On December 16, 2020, the Fish and Wildlife Service (“FWS”) issued a final rule adopting a definition of the term “habitat” under the ESA for the first time since the was originally passed in 1973. The new definition will be crucial to the process of designating critical habitat. Under the ESA, anytime a species is listed as threatened or endangered, there is a requirement to designate “critical habitat” for that species. Typically, that designation includes areas that contain the biological and physical features which are essential to the species’ conservation. Harming or destroying designated critical habitat can be a violation of the ESA. This new regulation is in part a response to the recent United States Supreme Court decision in Weyerhaeuser Co. v. U.S. Fish & Wildlife Serv., 139 S. Ct. 361 (2018). In that decision, the Court held that an area must first be habitat before it could be “critical habitat.” Because the term “habitat” was not defined in either the text of the ESA or its implementing regulations, FWS undertook a rulemaking effort to define the term.

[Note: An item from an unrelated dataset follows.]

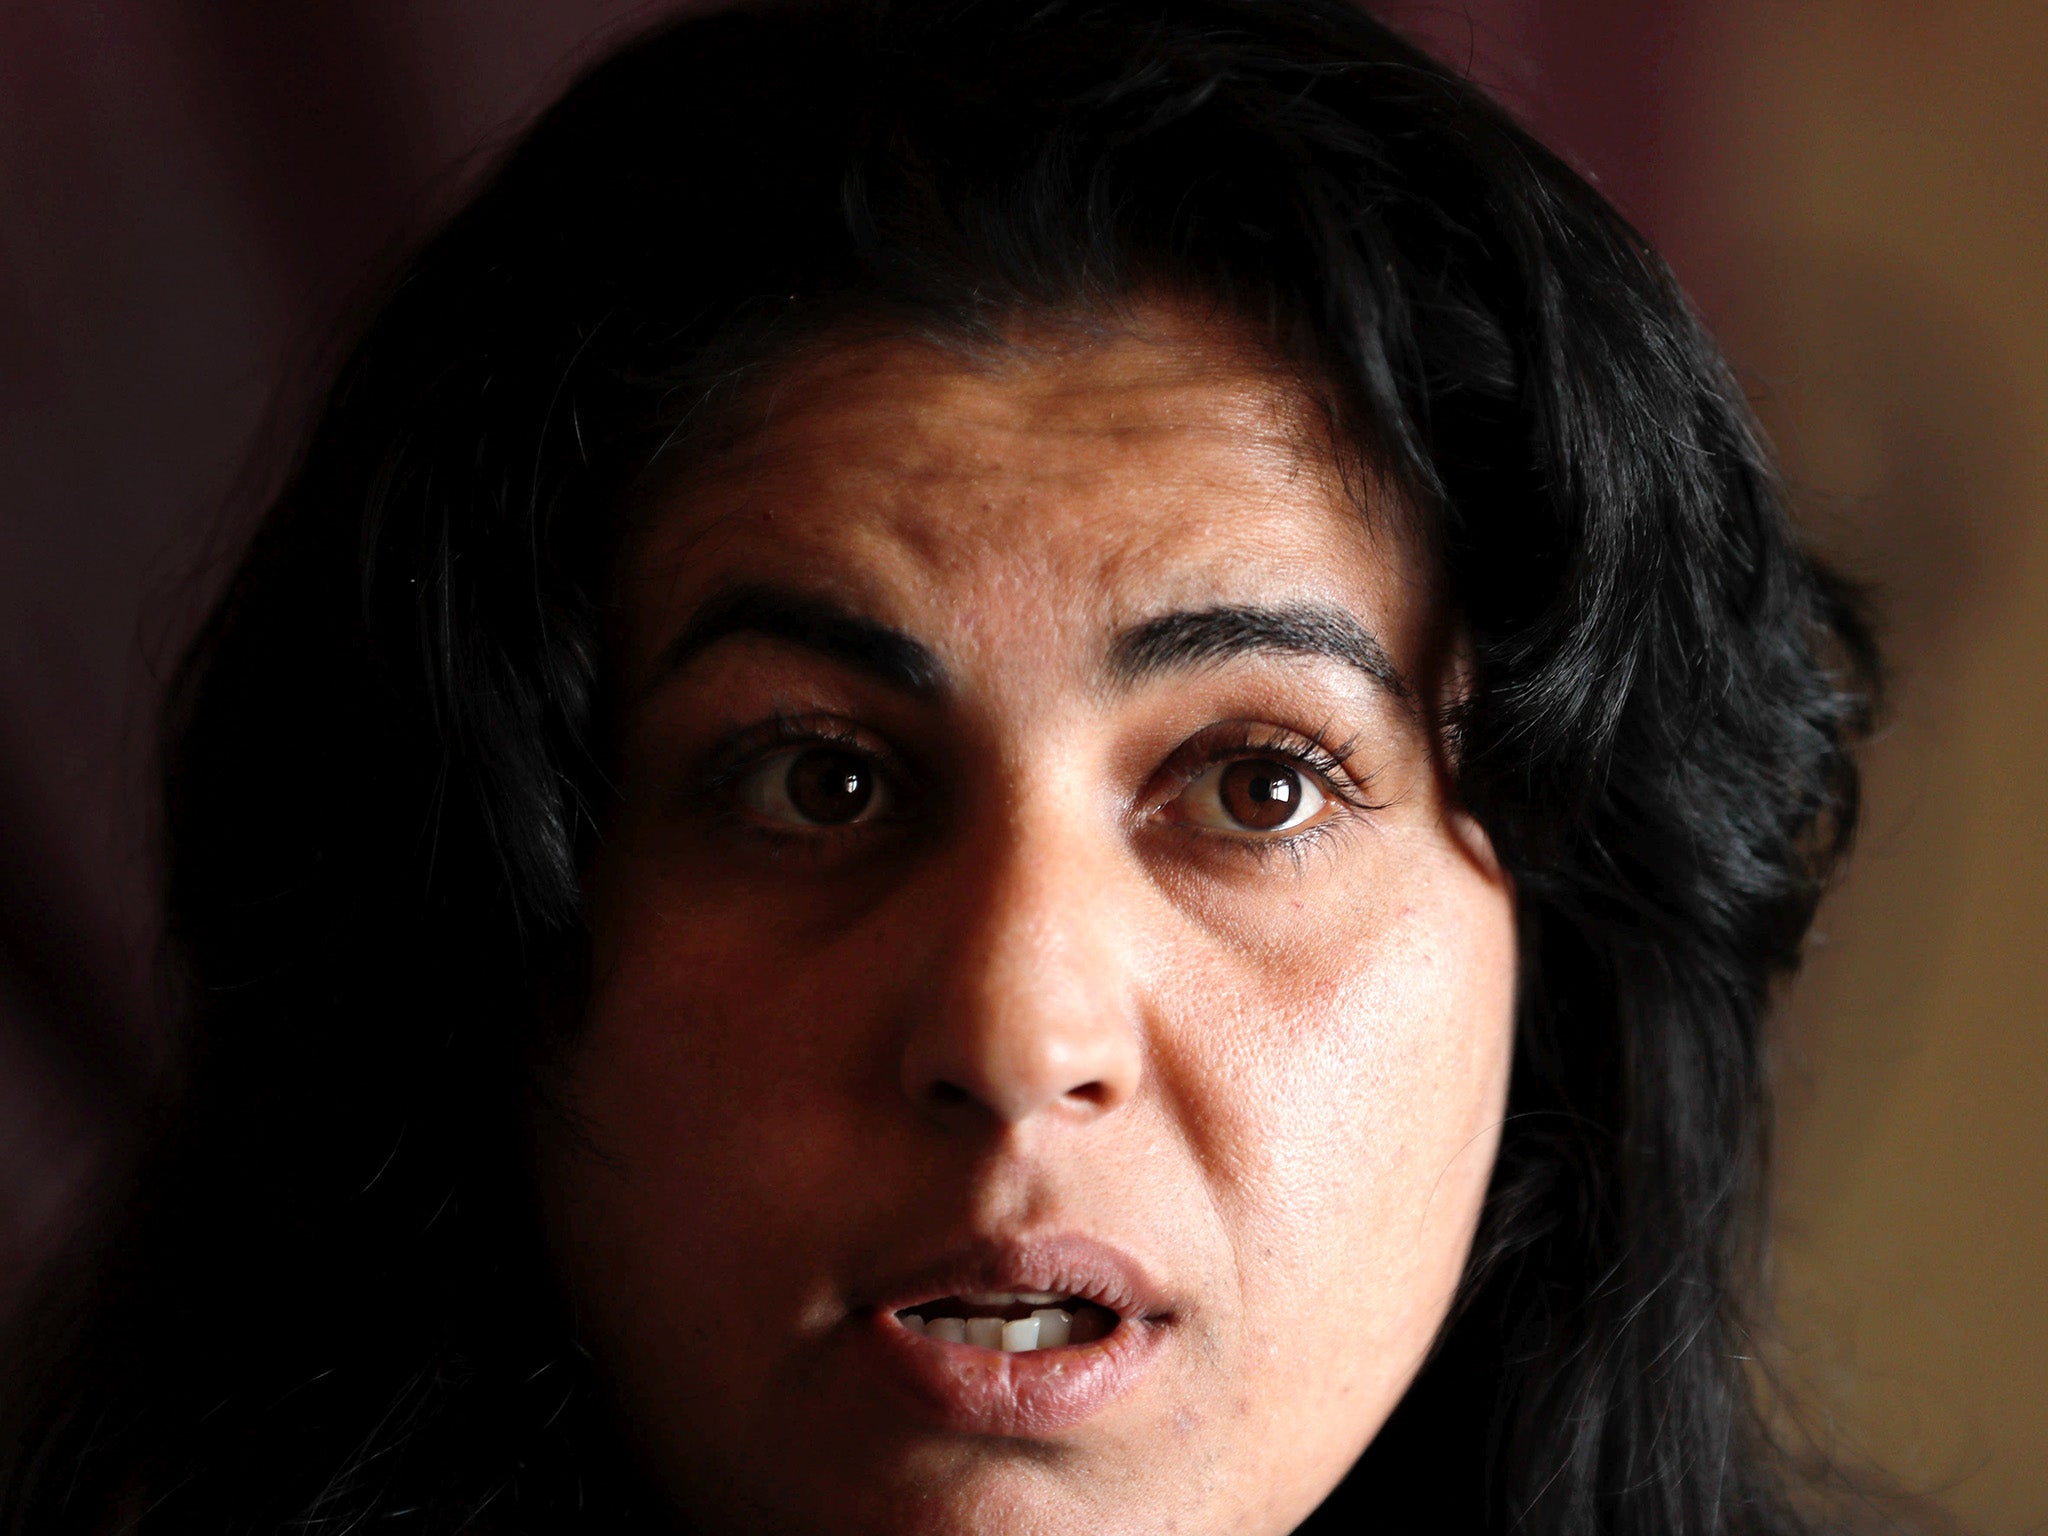 The co-leader of Raqqa Civil Council, Leila Mustafa

The final rule from FWS defines “habitat” as “the abiotic and biotic setting that currently or periodically contains the resources and conditions necessary to support one or more life processes of a species.” In other words, in order to be habitat an area must already contain the conditions necessary to support the species it is intended to be habitat for. This differs somewhat from the previous understanding of habitat under the ESA. Although the term “habitat” is not defined with the Act, the term “critical habitat” is defined to include any areas which FWS deemed “essential for the conservation of the species.” This could include areas which, at the time of critical habitat designation, did not contain the conditions necessary to support the targeted species. Once the new rule takes effect on January 15, 2021, only those areas which include the environmental conditions that can provide benefits to the target species will be eligible for critical habitat designation. To read the full rule, click here.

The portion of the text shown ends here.